Is it $\displaystyle \mathbb{Z} * \mathbb{Z} * \{1\}$ by Van Kampen's Theorem?
Thanks, I just wanted to check this.
Yes.
Since $\displaystyle S^2$ is simply connected, $\displaystyle \pi_1(S^1 \vee S^1 \vee S^2) \cong \mathbb{Z} * \mathbb{Z}$.
The free product of a free group $\displaystyle \mathbb{Z}$ and a free group $\displaystyle \mathbb{Z}$ is a free group having a presentation $\displaystyle \{\alpha, \beta\}$, where $\displaystyle \alpha$ = 1 or -1 in the first $\displaystyle \mathbb{Z}$ and $\displaystyle \beta$ = 1 or -1 in the second $\displaystyle \mathbb{Z}$.
For instance,
$\displaystyle 1_1 1_1 1_1 1_2 1_2$ (followed by a member in the first group) .... ,
reduces to
$\displaystyle 3_1 2_2 ...$ ,
where $\displaystyle x_i$ denotes the element x in the i-th $\displaystyle \mathbb{Z}$, i=1 or 2, and the group operation between elements in the same group is an addition.

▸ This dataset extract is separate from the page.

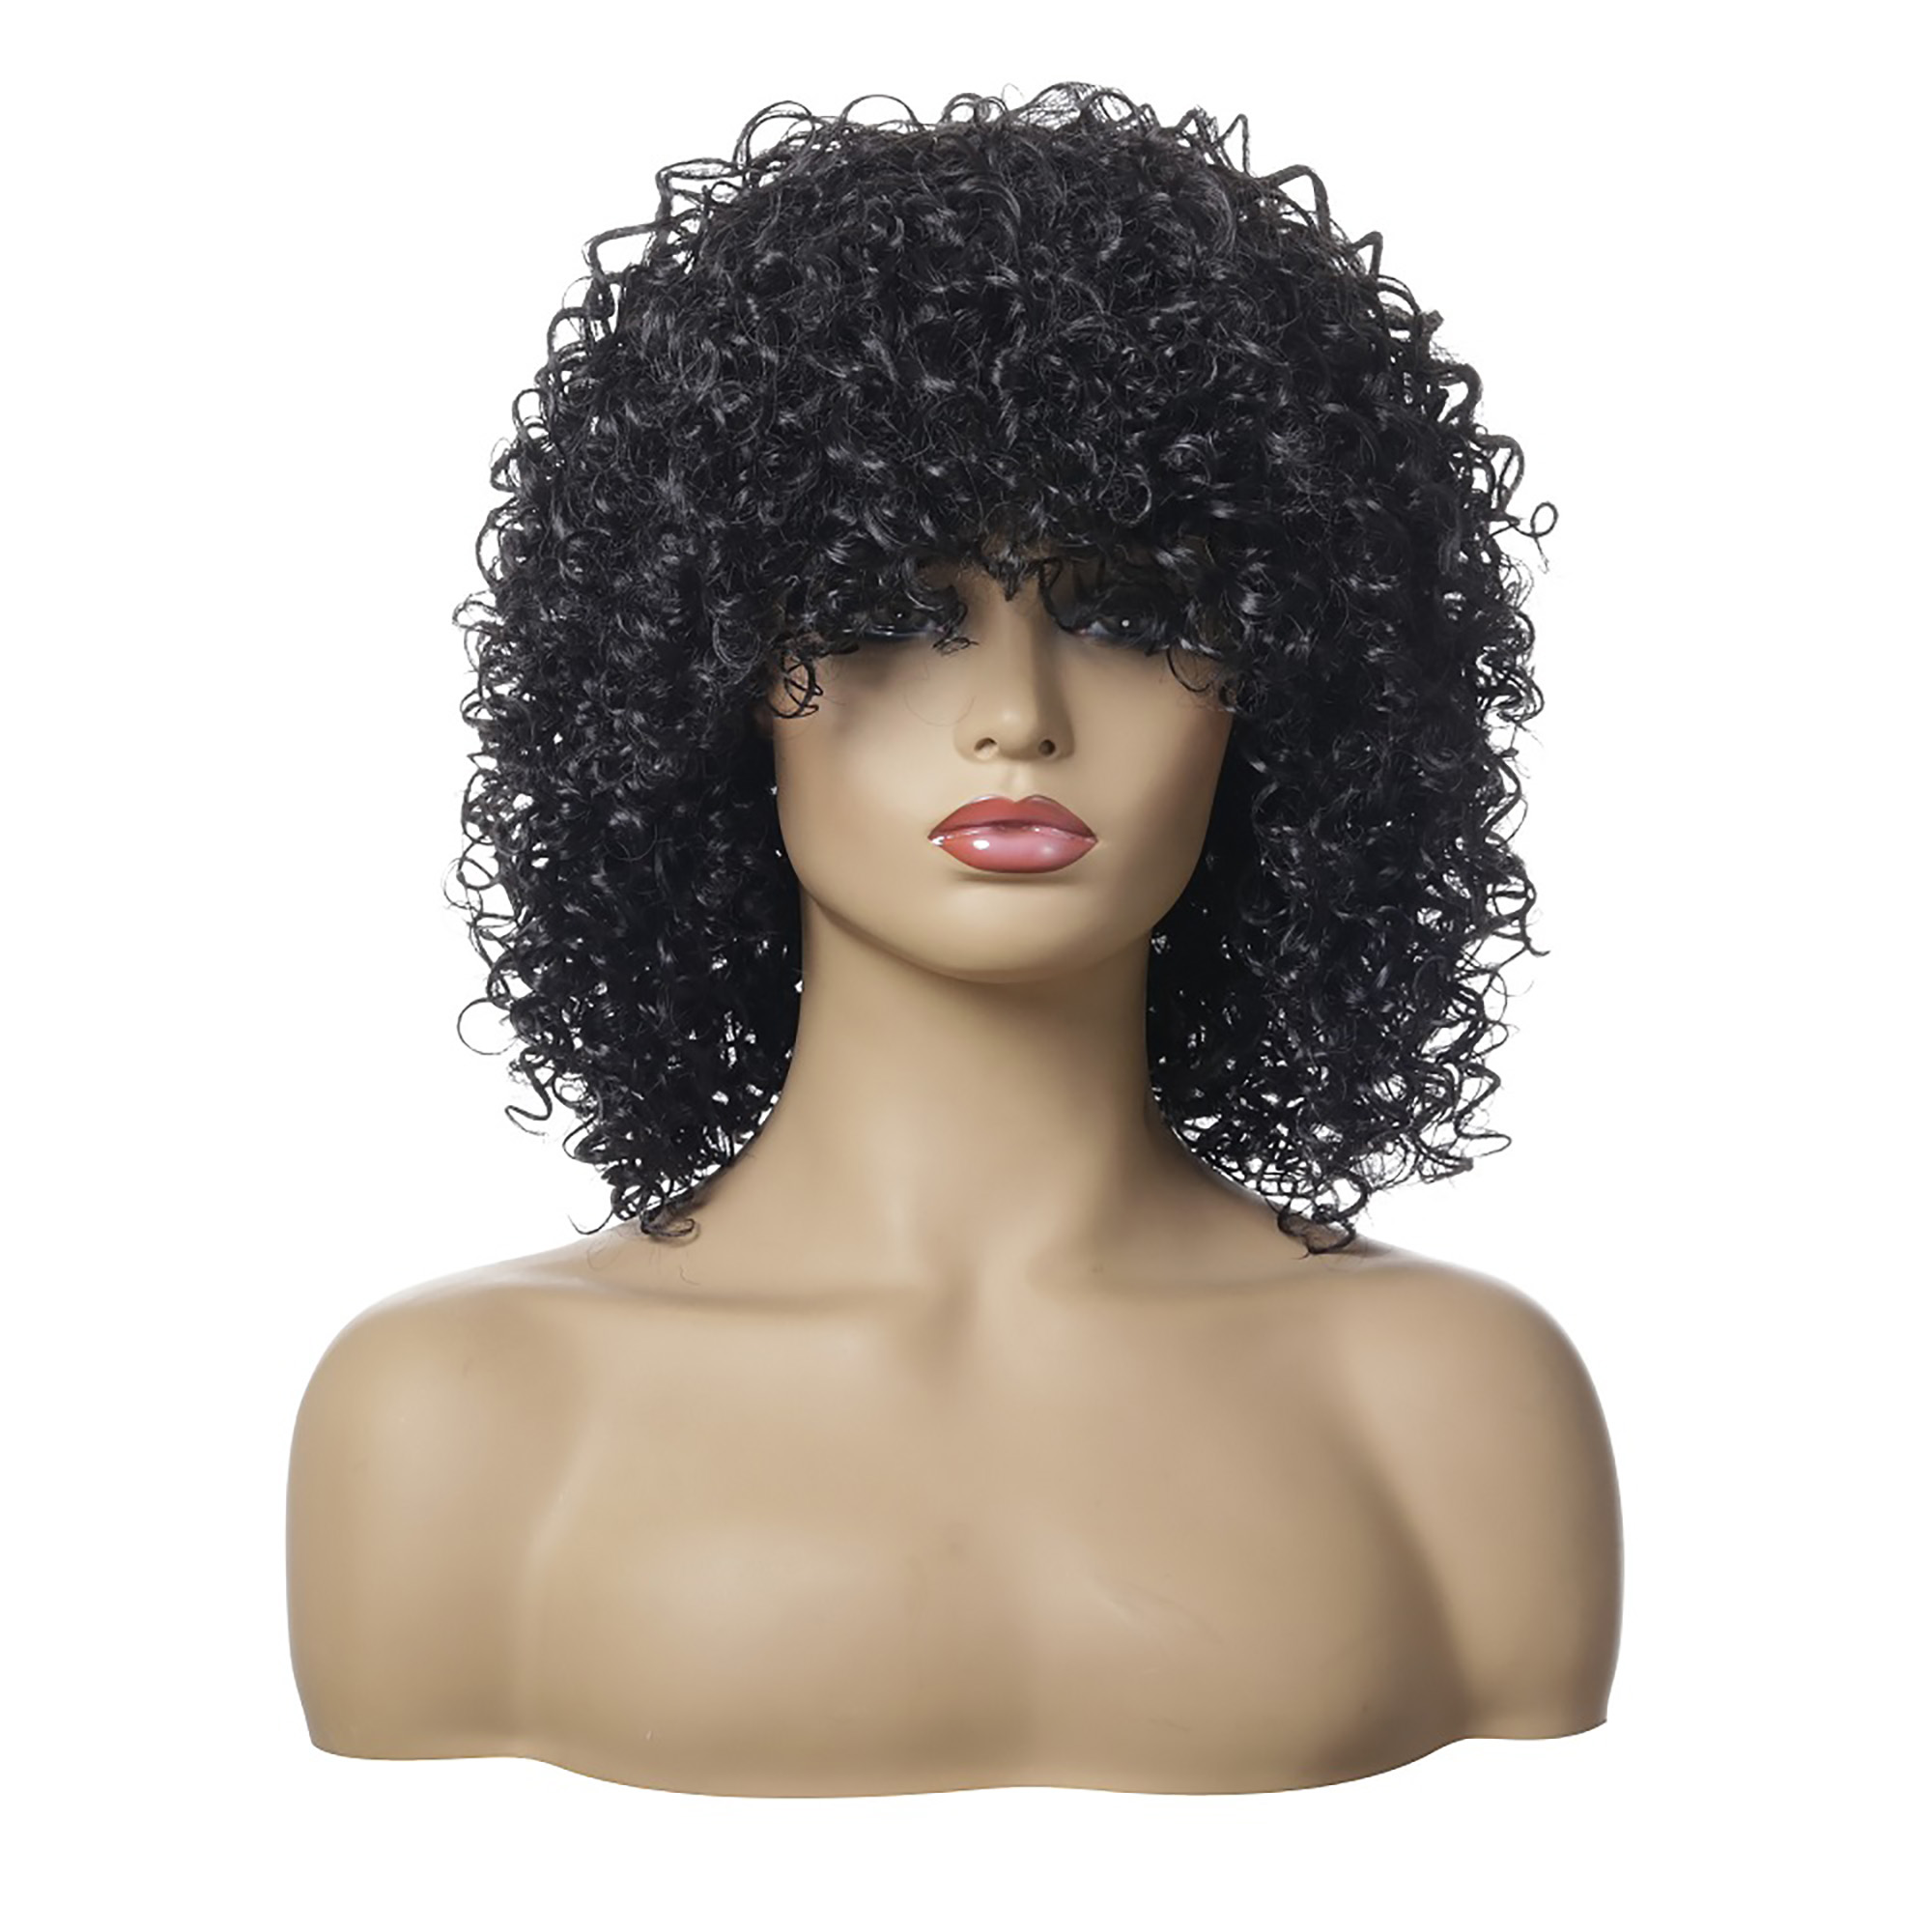 Women Short Natur Curly Wig Synthetic Full Hair Wigs With Bangs Cosplay Party Ebay

As you know, $\displaystyle \mathbb{Z} * \mathbb{Z}$ and $\displaystyle \mathbb{Z} \times \mathbb{Z}$ are two different things. The former is non-abelian because a free group on a nonempty set S is abelian iff S has exactly one element. The latter group is abelian, which is isomorphic to the fundamental group of a torus having a presentation $\displaystyle \{\alpha, \beta\ | \alpha\beta\alpha^{-1}\beta^{-1}=1\}$.